CNCF Accepts 'Score' to Standardize Dev Metrics
The Cloud Native Computing Foundation (CNCF) has accepted Score, an open-source workload specification, into its portfolio of projects. Score is designed to simplify how development workloads are configured and measured. The project aims to help platform and SRE teams more easily define and track developer-centric metrics, potentially harmonizing DORA and DevEx measurements across different tools and organizations.

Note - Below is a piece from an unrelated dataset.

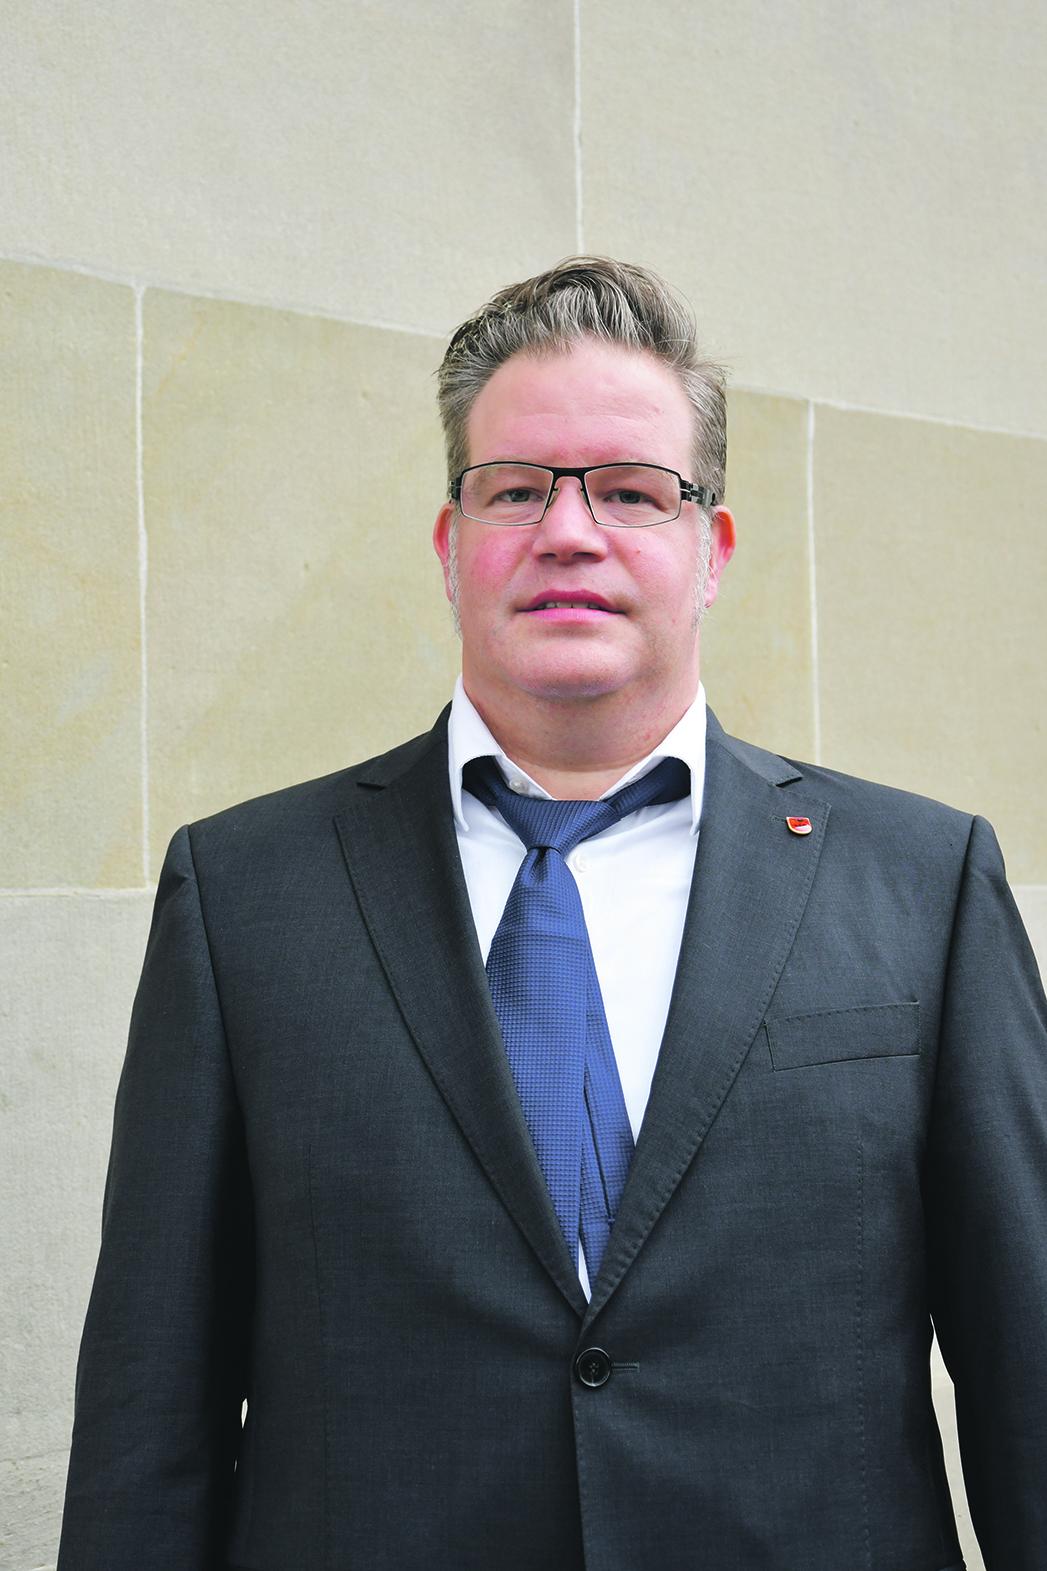 Und noch ein vorzeitiger Rücktritt im Bezirksrat Einsiedeln

- The Score project was created by the team at Humanitec and was accepted as a Cloud Native Computing Foundation (CNCF) Sandbox project on July 8, 2024. The project's first commit was on June 22, 2022, and it was launched on GitHub approximately 18 months before its acceptance into the CNCF. - The core of the project is a single, developer-centric file, `score.yaml`, which declaratively defines a workload's runtime requirements, such as necessary databases or event queues. This approach is designed to reduce cognitive load on developers by abstracting away the underlying platform's complexities. - Score is platform-agnostic and uses specific implementation CLIs to translate the `score.yaml` file into various target formats. For example, the `score-k8s` implementation generates Kubernetes manifests, while `score-compose` creates Docker Compose files, ensuring configuration consistency across local and remote environments. - Unlike tools such as Terraform, Score is not designed for resource and environment management; it focuses strictly on describing workload-level properties. It also differs from the Open Application Model (OAM), which defines a broader application model, by maintaining a tighter scope on the individual workload to simplify the developer experience. - The project's stated goal is to create a single source of truth for workload configuration, separating the developer's concerns ("what" the workload needs) from the platform team's concerns ("how" those needs are met in a specific environment). - By entering the CNCF Sandbox, the Score maintainers aim to drive community-driven development, explore integrations with other cloud-native tools, and contribute to the standardization of platform engineering best practices.